------ DATA SHOWN ------
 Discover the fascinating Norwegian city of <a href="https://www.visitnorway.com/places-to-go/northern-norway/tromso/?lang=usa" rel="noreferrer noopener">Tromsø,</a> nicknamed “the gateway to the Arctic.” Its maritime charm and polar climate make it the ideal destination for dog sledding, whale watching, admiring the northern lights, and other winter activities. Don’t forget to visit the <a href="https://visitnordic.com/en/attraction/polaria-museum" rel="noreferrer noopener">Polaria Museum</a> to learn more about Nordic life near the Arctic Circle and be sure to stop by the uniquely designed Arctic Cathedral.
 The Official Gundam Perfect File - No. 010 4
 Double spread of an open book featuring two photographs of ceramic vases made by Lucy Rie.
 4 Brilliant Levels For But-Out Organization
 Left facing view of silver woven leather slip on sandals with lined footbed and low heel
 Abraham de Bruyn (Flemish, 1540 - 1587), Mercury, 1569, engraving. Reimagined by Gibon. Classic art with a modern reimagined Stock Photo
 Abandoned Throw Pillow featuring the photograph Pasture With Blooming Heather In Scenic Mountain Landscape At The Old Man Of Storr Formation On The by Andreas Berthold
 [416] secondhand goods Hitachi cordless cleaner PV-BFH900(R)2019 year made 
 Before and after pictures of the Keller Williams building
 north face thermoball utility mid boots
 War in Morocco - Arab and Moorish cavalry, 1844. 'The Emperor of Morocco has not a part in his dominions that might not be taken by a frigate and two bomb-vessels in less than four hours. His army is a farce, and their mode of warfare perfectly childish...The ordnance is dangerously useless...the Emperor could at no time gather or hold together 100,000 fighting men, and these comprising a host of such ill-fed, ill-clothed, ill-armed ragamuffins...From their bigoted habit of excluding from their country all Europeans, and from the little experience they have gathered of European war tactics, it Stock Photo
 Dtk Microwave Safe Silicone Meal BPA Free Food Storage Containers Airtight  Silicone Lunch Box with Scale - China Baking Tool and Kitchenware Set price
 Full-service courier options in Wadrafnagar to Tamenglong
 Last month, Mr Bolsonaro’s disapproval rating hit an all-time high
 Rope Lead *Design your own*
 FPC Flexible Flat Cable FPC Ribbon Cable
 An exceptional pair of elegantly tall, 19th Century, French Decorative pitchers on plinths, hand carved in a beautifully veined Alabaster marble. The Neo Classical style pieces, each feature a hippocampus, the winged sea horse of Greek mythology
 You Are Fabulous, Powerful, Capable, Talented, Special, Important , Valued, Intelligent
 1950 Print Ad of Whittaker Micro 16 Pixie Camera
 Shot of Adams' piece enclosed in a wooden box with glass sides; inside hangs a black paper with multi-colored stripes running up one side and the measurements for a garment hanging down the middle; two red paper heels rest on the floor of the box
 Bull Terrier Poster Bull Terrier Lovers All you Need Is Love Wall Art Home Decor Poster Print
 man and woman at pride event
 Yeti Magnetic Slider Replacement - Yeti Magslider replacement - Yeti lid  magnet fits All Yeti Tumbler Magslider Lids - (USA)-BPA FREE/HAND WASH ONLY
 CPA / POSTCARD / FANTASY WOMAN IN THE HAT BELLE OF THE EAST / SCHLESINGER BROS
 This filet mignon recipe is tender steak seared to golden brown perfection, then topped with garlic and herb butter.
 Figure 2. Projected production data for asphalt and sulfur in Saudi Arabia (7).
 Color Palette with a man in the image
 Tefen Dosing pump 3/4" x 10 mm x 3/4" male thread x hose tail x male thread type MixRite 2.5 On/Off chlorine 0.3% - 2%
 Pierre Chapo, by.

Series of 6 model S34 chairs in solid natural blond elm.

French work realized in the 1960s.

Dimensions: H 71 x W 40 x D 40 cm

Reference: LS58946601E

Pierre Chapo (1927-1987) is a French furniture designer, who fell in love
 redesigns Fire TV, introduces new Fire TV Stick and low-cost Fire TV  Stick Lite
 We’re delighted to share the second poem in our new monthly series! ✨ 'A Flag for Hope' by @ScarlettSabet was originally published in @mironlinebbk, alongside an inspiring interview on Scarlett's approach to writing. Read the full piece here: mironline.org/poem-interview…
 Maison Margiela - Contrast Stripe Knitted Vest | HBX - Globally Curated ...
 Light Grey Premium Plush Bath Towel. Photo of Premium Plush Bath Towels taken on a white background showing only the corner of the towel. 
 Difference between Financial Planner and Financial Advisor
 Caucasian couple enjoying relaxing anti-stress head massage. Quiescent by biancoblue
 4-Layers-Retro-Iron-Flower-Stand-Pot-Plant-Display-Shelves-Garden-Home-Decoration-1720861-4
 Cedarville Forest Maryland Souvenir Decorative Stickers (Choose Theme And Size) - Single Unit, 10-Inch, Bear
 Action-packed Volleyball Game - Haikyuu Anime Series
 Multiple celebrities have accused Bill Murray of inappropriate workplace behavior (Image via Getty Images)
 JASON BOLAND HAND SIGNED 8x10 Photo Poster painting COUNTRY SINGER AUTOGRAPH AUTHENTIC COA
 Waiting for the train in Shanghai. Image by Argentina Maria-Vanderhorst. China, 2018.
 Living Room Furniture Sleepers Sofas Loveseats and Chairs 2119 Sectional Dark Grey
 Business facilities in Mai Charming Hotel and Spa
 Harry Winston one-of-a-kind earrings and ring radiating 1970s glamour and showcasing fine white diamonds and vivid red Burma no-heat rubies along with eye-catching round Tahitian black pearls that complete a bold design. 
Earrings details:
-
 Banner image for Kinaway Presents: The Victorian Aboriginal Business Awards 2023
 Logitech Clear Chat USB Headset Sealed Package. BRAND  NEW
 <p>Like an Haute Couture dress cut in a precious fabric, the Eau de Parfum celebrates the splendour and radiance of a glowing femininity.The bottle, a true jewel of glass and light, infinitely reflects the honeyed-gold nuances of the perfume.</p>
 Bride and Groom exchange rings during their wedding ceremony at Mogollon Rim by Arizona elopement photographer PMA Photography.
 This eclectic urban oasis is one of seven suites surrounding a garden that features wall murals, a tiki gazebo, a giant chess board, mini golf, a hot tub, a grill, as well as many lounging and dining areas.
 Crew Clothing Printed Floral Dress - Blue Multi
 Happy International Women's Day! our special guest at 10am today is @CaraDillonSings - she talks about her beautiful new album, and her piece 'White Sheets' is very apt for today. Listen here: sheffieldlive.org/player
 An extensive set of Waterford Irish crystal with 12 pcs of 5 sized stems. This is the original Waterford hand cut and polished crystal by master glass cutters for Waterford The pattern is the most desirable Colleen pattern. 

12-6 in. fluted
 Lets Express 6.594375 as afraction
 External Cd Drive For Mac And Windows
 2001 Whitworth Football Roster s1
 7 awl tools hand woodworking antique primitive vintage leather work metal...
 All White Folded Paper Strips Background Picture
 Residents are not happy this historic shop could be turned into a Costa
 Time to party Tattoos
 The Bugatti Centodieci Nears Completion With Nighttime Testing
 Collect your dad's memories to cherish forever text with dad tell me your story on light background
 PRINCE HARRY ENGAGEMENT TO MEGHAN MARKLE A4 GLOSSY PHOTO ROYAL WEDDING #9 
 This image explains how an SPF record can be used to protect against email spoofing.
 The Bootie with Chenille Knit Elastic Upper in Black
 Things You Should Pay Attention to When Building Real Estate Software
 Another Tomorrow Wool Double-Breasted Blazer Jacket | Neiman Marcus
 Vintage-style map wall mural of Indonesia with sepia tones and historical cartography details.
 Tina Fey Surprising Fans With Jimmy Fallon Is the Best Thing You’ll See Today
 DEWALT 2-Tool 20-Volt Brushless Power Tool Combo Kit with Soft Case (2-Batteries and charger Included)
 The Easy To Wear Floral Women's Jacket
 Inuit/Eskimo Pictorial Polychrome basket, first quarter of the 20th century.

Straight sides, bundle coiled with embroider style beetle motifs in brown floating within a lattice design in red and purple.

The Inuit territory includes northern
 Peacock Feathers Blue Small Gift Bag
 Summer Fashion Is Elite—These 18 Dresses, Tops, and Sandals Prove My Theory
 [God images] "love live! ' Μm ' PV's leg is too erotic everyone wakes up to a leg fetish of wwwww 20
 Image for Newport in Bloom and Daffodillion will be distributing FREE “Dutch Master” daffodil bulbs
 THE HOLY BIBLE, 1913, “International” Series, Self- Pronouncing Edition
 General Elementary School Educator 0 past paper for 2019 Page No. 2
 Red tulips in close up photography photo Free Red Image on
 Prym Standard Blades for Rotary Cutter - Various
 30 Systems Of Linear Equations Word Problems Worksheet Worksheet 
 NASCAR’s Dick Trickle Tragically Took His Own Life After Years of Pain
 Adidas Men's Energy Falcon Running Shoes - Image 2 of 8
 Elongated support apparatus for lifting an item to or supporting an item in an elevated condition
------
For the string "your", show each line of the listing where it appears.

 Rope Lead *Design your own*
 Collect your dad's memories to cherish forever text with dad tell me your story on light background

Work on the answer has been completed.